═══ EXCERPTED RECORDS ═══
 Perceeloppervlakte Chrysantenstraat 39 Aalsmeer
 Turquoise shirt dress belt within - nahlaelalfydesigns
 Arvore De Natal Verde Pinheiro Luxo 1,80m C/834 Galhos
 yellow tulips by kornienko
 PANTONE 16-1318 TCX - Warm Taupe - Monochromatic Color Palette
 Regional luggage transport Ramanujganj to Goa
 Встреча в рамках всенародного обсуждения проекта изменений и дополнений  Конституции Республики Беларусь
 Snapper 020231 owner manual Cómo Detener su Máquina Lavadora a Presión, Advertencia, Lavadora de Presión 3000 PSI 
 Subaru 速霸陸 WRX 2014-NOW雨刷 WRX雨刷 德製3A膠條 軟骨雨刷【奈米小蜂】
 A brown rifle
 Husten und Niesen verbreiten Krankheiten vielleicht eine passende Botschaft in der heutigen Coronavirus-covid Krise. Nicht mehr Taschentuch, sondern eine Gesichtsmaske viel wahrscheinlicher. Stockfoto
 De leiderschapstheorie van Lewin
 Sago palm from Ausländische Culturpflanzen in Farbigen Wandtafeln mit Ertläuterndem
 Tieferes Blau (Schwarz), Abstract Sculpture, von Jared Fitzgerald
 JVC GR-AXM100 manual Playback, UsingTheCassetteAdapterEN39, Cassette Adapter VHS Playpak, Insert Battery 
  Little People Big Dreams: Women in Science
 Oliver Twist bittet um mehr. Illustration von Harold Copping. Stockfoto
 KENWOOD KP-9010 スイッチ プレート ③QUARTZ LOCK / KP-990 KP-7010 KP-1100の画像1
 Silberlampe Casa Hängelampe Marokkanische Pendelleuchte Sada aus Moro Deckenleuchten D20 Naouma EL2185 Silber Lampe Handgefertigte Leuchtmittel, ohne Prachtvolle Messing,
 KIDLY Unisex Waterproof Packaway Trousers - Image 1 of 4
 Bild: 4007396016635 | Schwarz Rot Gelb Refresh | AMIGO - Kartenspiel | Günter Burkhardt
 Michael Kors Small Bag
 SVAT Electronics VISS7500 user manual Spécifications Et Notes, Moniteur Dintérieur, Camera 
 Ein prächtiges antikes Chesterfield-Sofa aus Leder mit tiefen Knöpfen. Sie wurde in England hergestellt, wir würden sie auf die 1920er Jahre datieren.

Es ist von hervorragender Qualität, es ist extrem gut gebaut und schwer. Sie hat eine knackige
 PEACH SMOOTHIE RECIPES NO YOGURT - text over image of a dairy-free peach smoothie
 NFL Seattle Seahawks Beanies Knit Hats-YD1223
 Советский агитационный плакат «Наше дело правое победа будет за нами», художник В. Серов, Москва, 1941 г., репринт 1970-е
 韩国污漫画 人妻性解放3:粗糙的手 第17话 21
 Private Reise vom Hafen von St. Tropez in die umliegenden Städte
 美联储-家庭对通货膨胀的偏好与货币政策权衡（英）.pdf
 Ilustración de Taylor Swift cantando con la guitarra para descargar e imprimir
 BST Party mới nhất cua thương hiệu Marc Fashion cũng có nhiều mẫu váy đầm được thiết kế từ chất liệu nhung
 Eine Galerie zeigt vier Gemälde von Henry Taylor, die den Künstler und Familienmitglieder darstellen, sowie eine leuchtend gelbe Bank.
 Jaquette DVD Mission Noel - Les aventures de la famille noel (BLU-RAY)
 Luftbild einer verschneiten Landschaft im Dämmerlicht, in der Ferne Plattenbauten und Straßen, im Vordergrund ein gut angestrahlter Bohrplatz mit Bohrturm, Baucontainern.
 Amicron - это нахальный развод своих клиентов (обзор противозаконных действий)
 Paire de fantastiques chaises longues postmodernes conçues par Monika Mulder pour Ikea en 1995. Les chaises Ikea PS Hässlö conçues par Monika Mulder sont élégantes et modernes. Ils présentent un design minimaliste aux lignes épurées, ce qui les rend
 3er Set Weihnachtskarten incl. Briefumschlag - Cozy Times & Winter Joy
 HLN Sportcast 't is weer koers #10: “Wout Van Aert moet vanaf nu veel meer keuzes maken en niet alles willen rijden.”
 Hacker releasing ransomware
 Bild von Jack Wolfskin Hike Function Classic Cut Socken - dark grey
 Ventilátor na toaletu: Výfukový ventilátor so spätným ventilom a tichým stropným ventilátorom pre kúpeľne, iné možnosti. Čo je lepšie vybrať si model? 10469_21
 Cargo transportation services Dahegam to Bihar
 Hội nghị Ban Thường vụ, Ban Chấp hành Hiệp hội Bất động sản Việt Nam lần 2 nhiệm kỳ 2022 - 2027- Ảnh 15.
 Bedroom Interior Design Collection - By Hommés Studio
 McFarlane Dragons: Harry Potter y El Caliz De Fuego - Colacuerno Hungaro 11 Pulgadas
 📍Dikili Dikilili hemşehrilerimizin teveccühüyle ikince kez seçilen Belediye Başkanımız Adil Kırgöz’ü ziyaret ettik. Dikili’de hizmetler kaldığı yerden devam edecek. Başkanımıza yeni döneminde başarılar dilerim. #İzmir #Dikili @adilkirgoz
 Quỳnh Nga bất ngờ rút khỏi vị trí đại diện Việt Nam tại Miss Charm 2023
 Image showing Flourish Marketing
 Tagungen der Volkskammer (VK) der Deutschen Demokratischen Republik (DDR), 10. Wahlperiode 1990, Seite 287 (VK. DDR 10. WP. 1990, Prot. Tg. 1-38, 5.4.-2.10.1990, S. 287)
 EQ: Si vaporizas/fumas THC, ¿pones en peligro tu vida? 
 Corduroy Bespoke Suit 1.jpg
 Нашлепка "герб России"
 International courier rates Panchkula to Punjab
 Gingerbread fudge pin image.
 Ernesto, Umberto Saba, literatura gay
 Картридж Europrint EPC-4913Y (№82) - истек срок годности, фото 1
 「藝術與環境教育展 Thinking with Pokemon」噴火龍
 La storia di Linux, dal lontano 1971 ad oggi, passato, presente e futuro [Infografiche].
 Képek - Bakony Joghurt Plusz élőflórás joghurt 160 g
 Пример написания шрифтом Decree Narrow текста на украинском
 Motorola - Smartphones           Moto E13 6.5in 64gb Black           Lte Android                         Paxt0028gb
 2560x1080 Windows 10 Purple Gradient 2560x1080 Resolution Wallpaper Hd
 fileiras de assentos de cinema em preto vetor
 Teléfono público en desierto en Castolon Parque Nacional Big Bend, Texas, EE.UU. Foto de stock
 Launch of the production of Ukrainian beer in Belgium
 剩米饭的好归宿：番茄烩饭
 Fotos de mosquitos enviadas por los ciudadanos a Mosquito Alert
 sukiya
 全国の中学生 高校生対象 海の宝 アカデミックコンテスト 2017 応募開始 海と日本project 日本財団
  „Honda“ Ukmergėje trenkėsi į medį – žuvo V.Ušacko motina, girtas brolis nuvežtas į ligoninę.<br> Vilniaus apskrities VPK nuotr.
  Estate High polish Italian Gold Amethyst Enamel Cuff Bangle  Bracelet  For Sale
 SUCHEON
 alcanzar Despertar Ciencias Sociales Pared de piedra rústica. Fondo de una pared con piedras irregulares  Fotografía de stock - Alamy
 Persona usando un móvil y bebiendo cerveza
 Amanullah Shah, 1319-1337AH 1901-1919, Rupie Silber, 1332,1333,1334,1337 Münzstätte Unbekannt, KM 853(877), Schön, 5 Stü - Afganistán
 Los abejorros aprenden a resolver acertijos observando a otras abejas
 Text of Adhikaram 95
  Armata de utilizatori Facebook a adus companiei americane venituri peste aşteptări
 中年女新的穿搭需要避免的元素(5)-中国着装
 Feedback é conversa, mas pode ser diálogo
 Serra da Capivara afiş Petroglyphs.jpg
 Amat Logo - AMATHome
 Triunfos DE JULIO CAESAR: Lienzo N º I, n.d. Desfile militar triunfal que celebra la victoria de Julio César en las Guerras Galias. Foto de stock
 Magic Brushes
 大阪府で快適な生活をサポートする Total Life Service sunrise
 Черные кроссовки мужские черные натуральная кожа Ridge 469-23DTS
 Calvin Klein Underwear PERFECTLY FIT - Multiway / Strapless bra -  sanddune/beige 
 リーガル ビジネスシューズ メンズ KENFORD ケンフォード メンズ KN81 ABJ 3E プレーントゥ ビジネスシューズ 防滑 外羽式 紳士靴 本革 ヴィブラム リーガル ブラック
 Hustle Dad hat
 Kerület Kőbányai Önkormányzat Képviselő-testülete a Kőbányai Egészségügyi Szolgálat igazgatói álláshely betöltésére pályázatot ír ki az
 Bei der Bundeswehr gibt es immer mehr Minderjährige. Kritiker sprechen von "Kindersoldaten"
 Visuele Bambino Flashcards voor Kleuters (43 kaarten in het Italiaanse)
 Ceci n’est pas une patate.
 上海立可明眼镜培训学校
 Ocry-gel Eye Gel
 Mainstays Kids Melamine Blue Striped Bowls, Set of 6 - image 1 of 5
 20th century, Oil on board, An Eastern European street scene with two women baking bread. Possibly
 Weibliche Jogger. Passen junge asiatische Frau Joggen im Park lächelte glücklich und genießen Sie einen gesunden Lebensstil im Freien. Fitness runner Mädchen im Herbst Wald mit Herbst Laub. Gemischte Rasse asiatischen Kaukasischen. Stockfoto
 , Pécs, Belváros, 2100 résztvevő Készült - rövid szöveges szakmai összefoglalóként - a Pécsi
═══
Copy exactly the stretch of data above from the line with "Tagungen der Volkskammer" through the line with "Gingerbread fudge pin image.", and omit all other lines.

 Tagungen der Volkskammer (VK) der Deutschen Demokratischen Republik (DDR), 10. Wahlperiode 1990, Seite 287 (VK. DDR 10. WP. 1990, Prot. Tg. 1-38, 5.4.-2.10.1990, S. 287)
 EQ: Si vaporizas/fumas THC, ¿pones en peligro tu vida? 
 Corduroy Bespoke Suit 1.jpg
 Нашлепка "герб России"
 International courier rates Panchkula to Punjab
 Gingerbread fudge pin image.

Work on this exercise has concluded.